Latest revision as of 01:58, 30 July 2021

How essential is the data - does it have to be backed up?

  • Intermediate output, run logs
    • Not useful once an experiment is finished
  • Processing scripts
    • Useful to reproduce an experiment but could be redone
  • Model input
    • Essential to reproduce an experiment
  • Ease of reproducing the data
    • observations cannot be recreated
    • some input data might be available elsehwere but difficult to obtain 
    • can be reproduced but slow and cpu consuming process
    • easy to reproduce: backup code/workflow
  • Published results
    • they should be backed up, check what is repository strategy
    • data underlining publications or a PhD thesis has to be available in case of legal dispute for  5 years from publication
  • Database
    • ​​​​​​​​​​​​​​usually hard to rebuild but small enough to be backed-up frequently
  • Number of people accessing the data
    • Just you, your group, people from around the world
    • This is particularly important if you are maintaining a web service via cloud, you should make sure you can recover your instance quickly and resume the service with the minimum interruption


How big is the data?

  • Text files - Source code, scripts, configuration files, small data files
    • Sizes < 100 MB
    • Not suitable for archives unless bundled into a tar file
  • Data files - NetCDF &c
    • 1 GB to 100's of GB
    • Archive systems like tape are specifically designed for this

How often is updated?

  • Unchanging once produced - e.g. raw model output
    • Tape archives
  • It is updated and reviewed occasionally but not too frequently: post-processed output
    • external drives, cloud and IT services, faster to retrieve than tape
  • Continually changing - source code under development
    • Use automated revision control system - subversion, git

 

How safe is the backup system? What happens if...

  • You delete a file
  • The local file system fails
    • Back up on a different file system
  • Your storage provider goes bankrupt
    • Multiple backup providers
  • A fire destroys a building
    • Offsite/multiple backups
  • A flood/earthquake damages a city
    • Offsite/multiple backups with a wide separation

Check regularly logs and that you can actually recover the files!!!

 

Options

  • /home on NCI or other institution server
    • Limited space
    • Backed up - Institutions will have their own strategies
  • University usually offer backup option on shared drives for data on your laptop
    • reasonably large, but not suitable for huge amount of data
    • quick to retrieve
    • easy to automate
  • Tape archives/ Data repositories
    • Designed for archiving large and/or important data sets
    • Will have their own backup strategies - e.g.

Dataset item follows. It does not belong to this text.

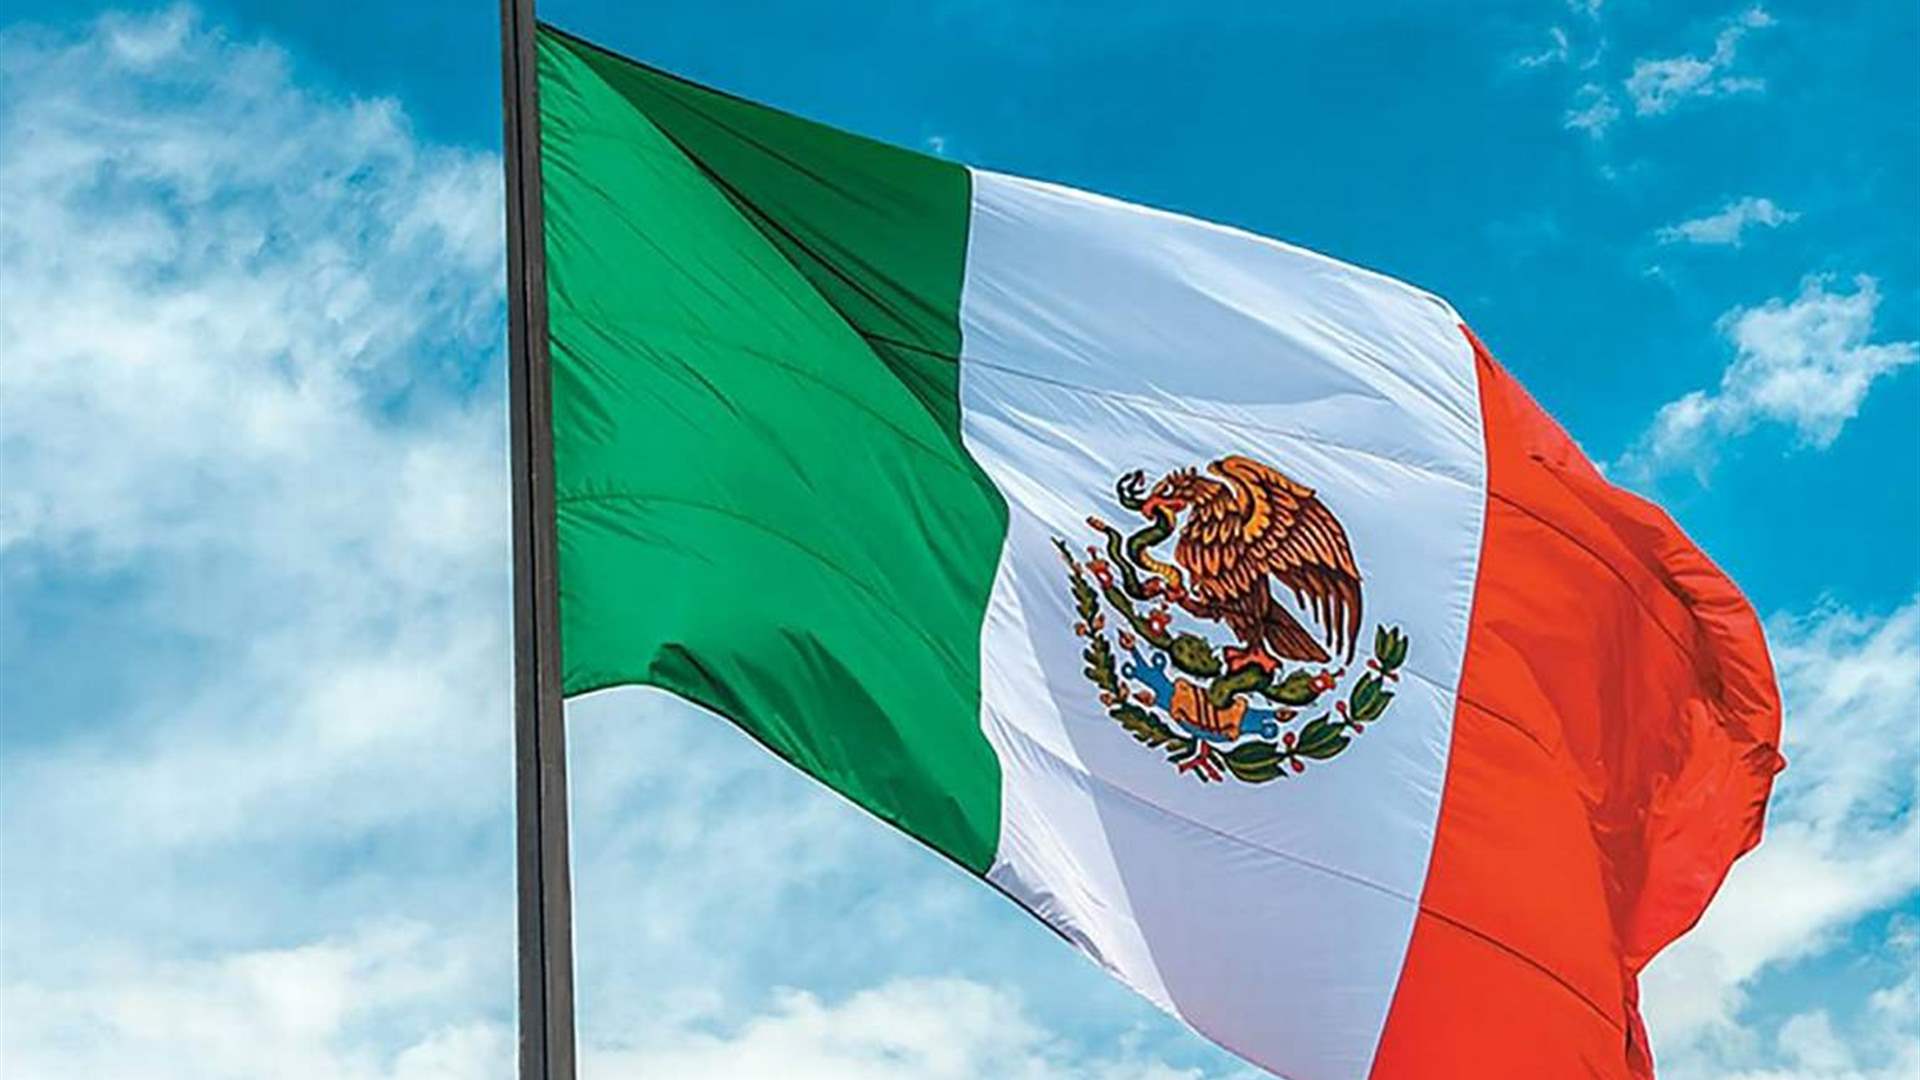 إغتيال صحافي في وضح النهار في المكسيك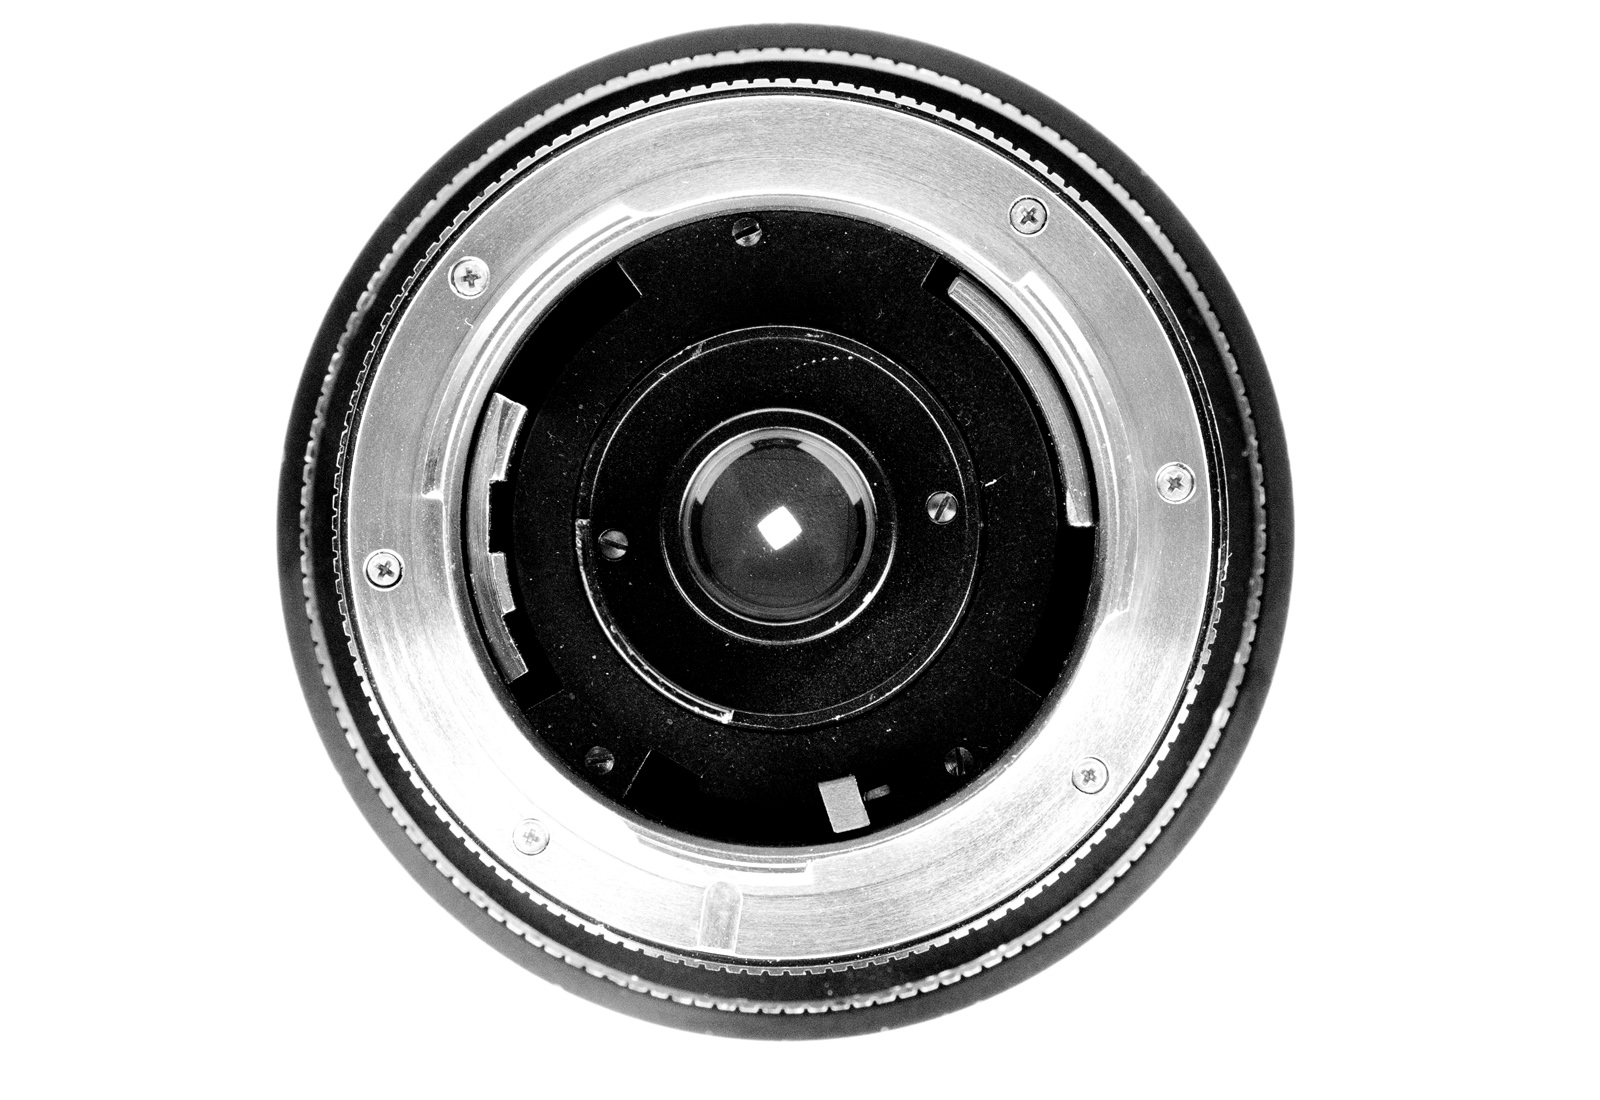 Leica Super-Angulon-R 1:4/21mm, black 11813

NCI tape is duplicated to two separate buildings at ANU
  • USB external hard drive
    • Simple way to have a separate backup, cheap
    • Can manage history manually or with something like time machine
    • Not suitable for long-term storage - disks have limited lifetime
  • Cloud storage, e.g. Dropbox, google drive, Github
    • Can access from anywhere
    • Offsite backup
    • Can set up folders to automatically be backed up
    • Is the service still going to be there in 5 years?
    • Git and GitHub, and other version control services, are only suitable for text files, not binary, so they are usually ok for code or readme files not for the actual data
    • NB some institutions might limit what services you can use based on security issues
  • snapshot of instances for VMs on Nectar and NCI clouds​​​​​​​